Time: 14.15 on 9 Mar, 2023

Place: SR 05.002, Spiegelgasse 5

**Chris Daw** (University of Reading)

*Large Galois orbits for unlikely intersections*

I will touch upon the large Galois orbits philosophy from the realm of unlikely intersections. I will discuss recent work for Y(1)^n and work in progress for \mathcal{A}_g, all in collaboration with Martin Orr (Manchester, UK). The overarching theme is that of extending an old idea of André involving G-functions.

Time: 14.15 on 13 Apr, 2023

Place: SR 05.002, Spiegelgasse 5

**Riccardo Pengo** (Max Planck Institut for Mathematics Bonn)

*Limits of Mahler measures and successively exact polynomials*

The Mahler measure of a multivariate Laurent polynomial P is a real number which measures the arithmetic complexity of P, and appears in many areas of mathematics, ranging from the Iwasawa theory of knots to ergodic theory. The set of real numbers which can be expressed as the Mahler measure of a polynomial with integer coefficients has some very interesting topological properties, as observed by Boyd. In particular, one expects it to be closed. In this talk, based on joint work with François Brunault, Antonin Guilloux and Mahya Mehrabdollahei, I will show how one can produce many interesting Cauchy sequences of Mahler measures, which converge to a Mahler measure, therefore respecting Boyd's conjecture. We are able moreover to give an explicit bound for the error term in the convergence of these sequences, and a full asymptotic expansion for one explicit family of polynomials, whose Mahler measure can be expressed in terms of the Bloch-Wigner dilogarithm evaluated at certain roots of unity. This is due to the fact that these polynomials share the property of being exact, which was introduced in the work of Maillot and Lalin. In the second part of my talk, based on work in progress with François Brunault, I will introduce this notion briefly, and a generalization of it, called "successive exactness", which are particularly useful in predicting links between Mahler measures and special values of L-functions.

Time: 14.15 on 4 May, 2023

Place: SR 05.002, Spiegelgasse 5

**Jérôme Poineau** (University of Caen)

*Torsion points of elliptic curves via Berkovich spaces over Z*

Berkovich spaces over Z may be seen as fibrations containing complex analytic spaces as well as p-adic analytic spaces, for every prime number p. We will give an introduction to those spaces and explain how they may be used in an arithmetic context to prove height inequalities. As an application, following a strategy by DeMarco-Krieger-Ye, we will give a proof of a conjecture of Bogomolov-Fu-Tschinkel on uniform bounds on the number of common images on P^1 of torsion points of two elliptic curves.

Time: 14.15 on 8 Jun, 2023

Place: SR 05.001, Spiegelgasse 5

**Nuno Hultberg** (University of Copenhagen)

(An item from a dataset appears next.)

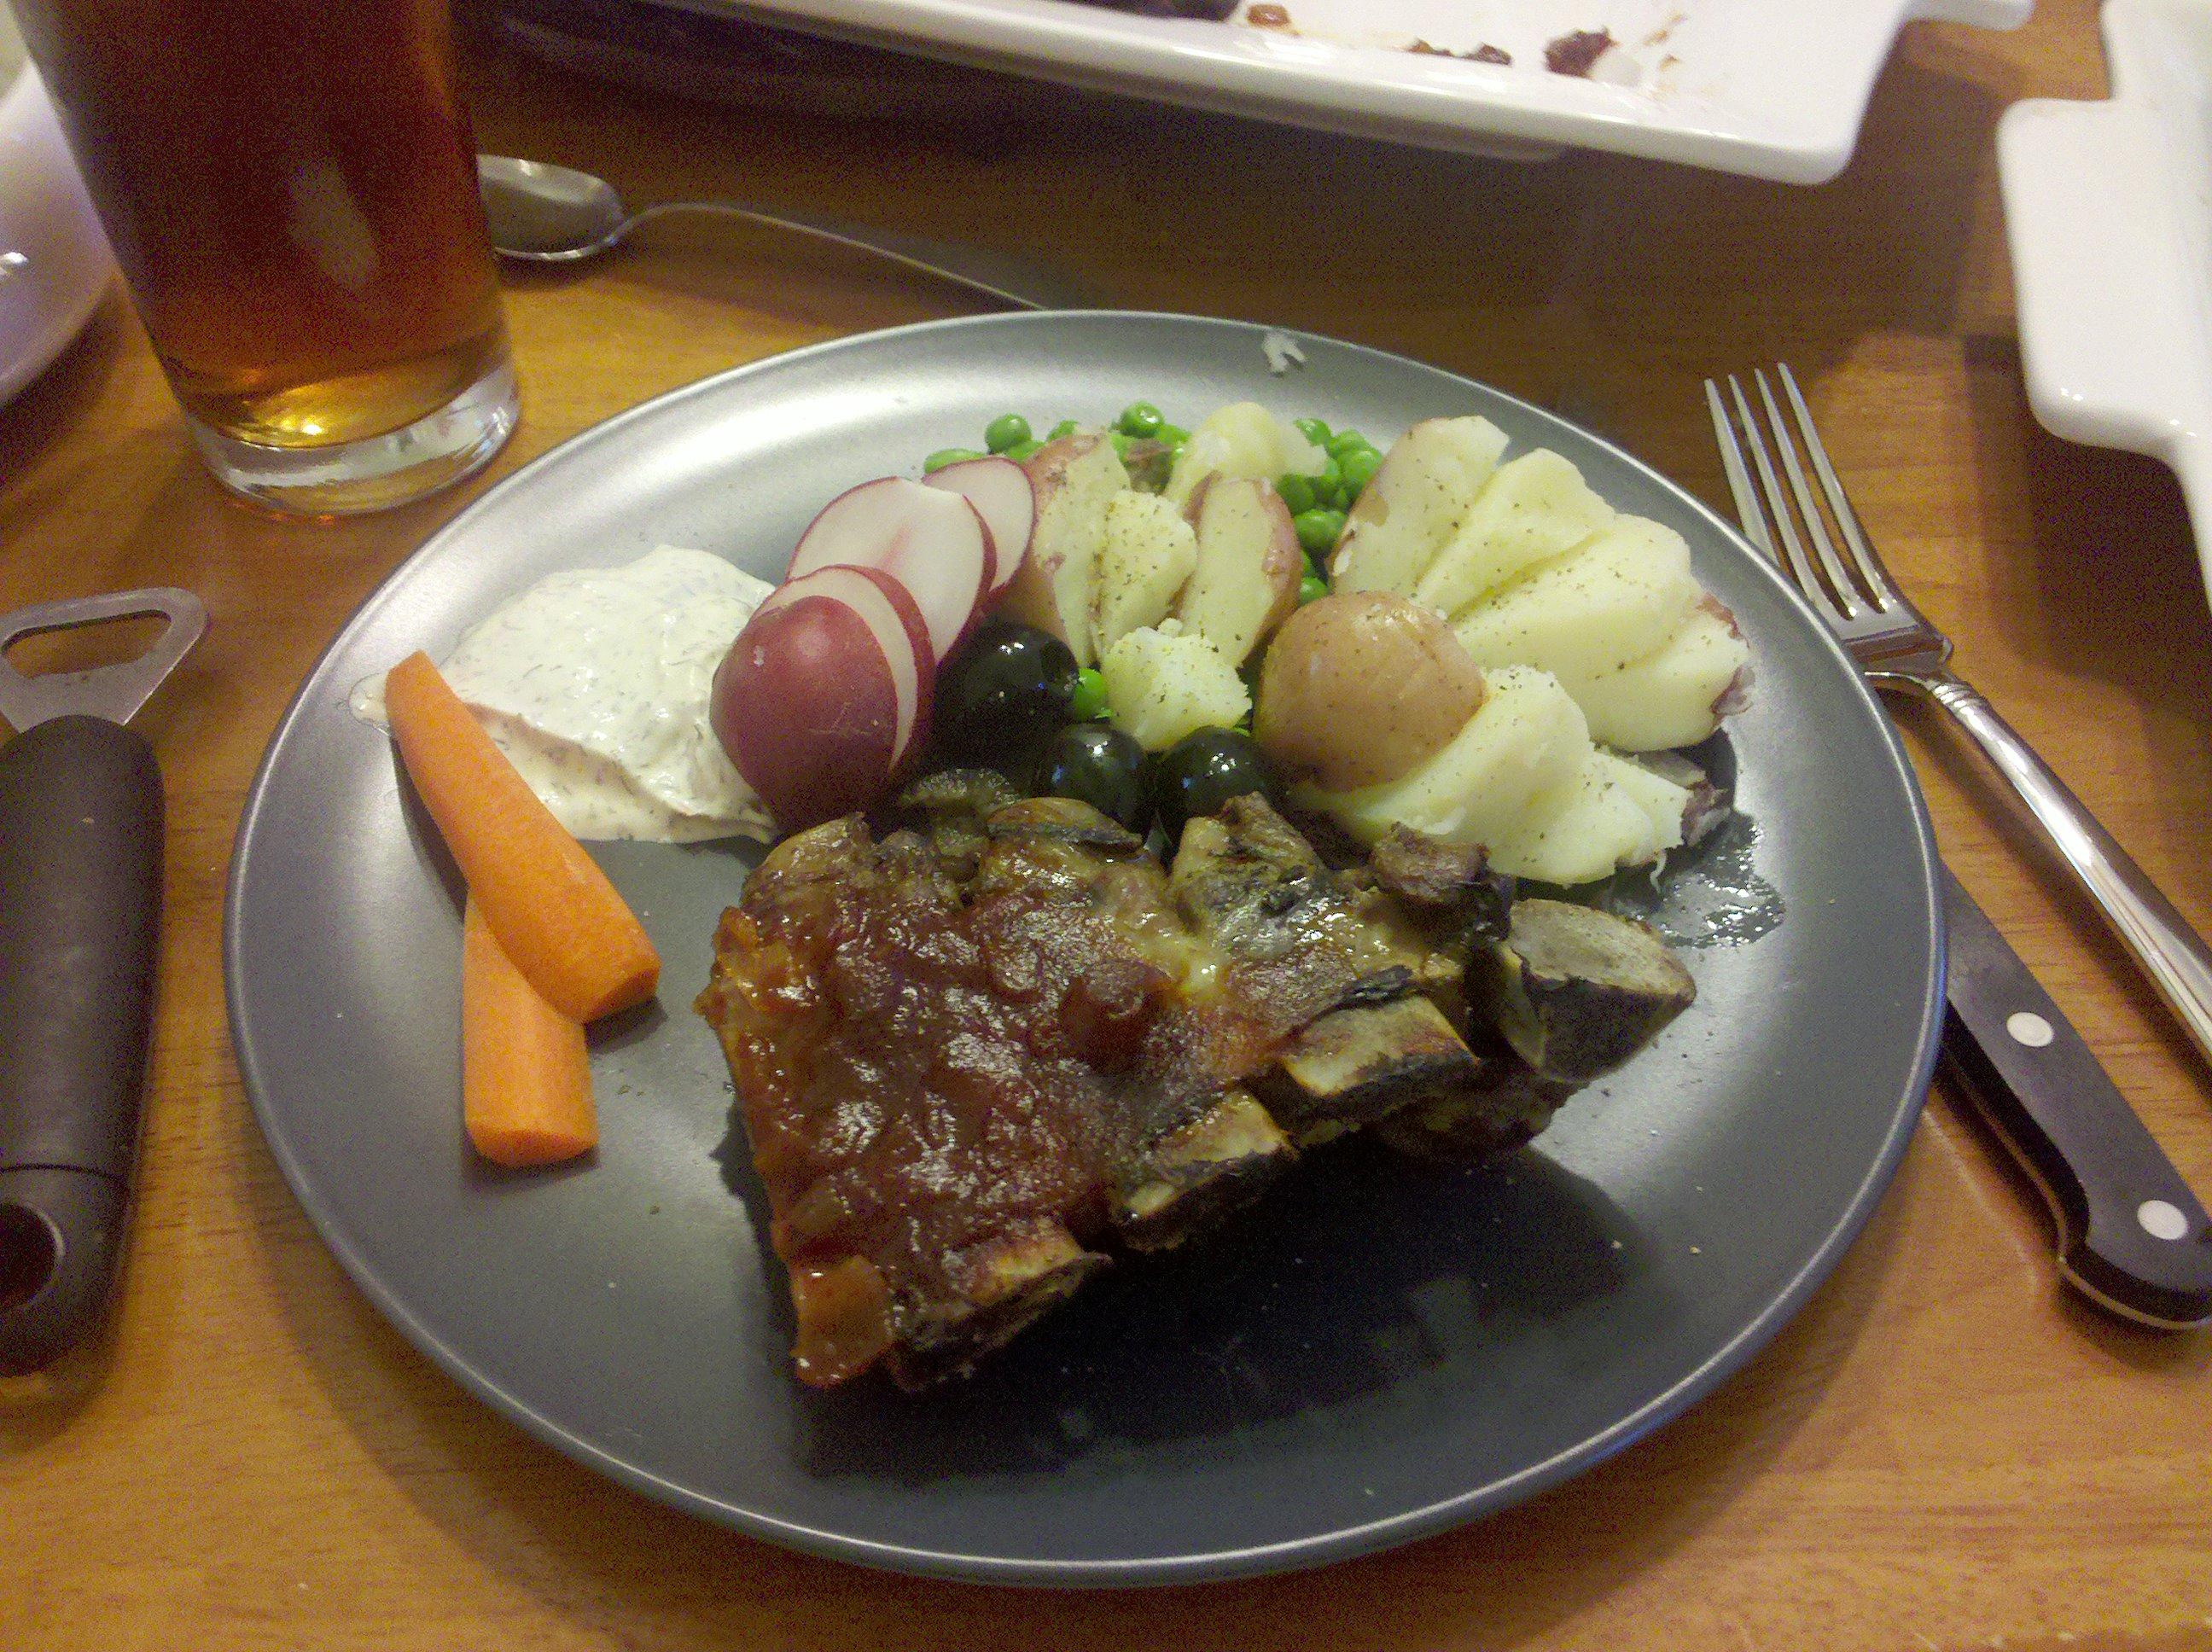 Greenbelt, MD :: Pork Ribs with Secret Sauce, Farmers Market New Potatoes with Fresh Peas, Fresh Vegetables.

*Fields with few small points*

Using the Northcott property of number fields it is possible to show the finiteness of preperiodic rational points over number fields for endomorphisms f:P^n \to P^n of degree at least 2. We will explore generalizations of this approach to certain infinite dimensional algebraic extensions of the rational numbers. As a crucial tool, we introduce a refinement of Northcott's theorem.

Date | Speaker | Title |
---|---|---|

23 Feb, 2023 14.15 | Claire Burrin(University of Zurich) | Discrete lattice orbits in the plane |

9 Mar, 2023 14.15 | Chris Daw(University of Reading) | Large Galois orbits for unlikely intersections |

13 Apr, 2023 14.15 | Riccardo Pengo(Max Planck Institut for Mathematics Bonn) | Limits of Mahler measures and successively exact polynomials |

4 May, 2023 14.15 | Jérôme Poineau(University of Caen) | Torsion points of elliptic curves via Berkovich spaces over Z |

18 May, 2023 14.15 | Nick Rome | |

1 Jun, 2023 14.15 | Jakob Glas | |

8 Jun, 2023 14.15 | Nuno Hultberg(University of Copenhagen) | Fields with few small points |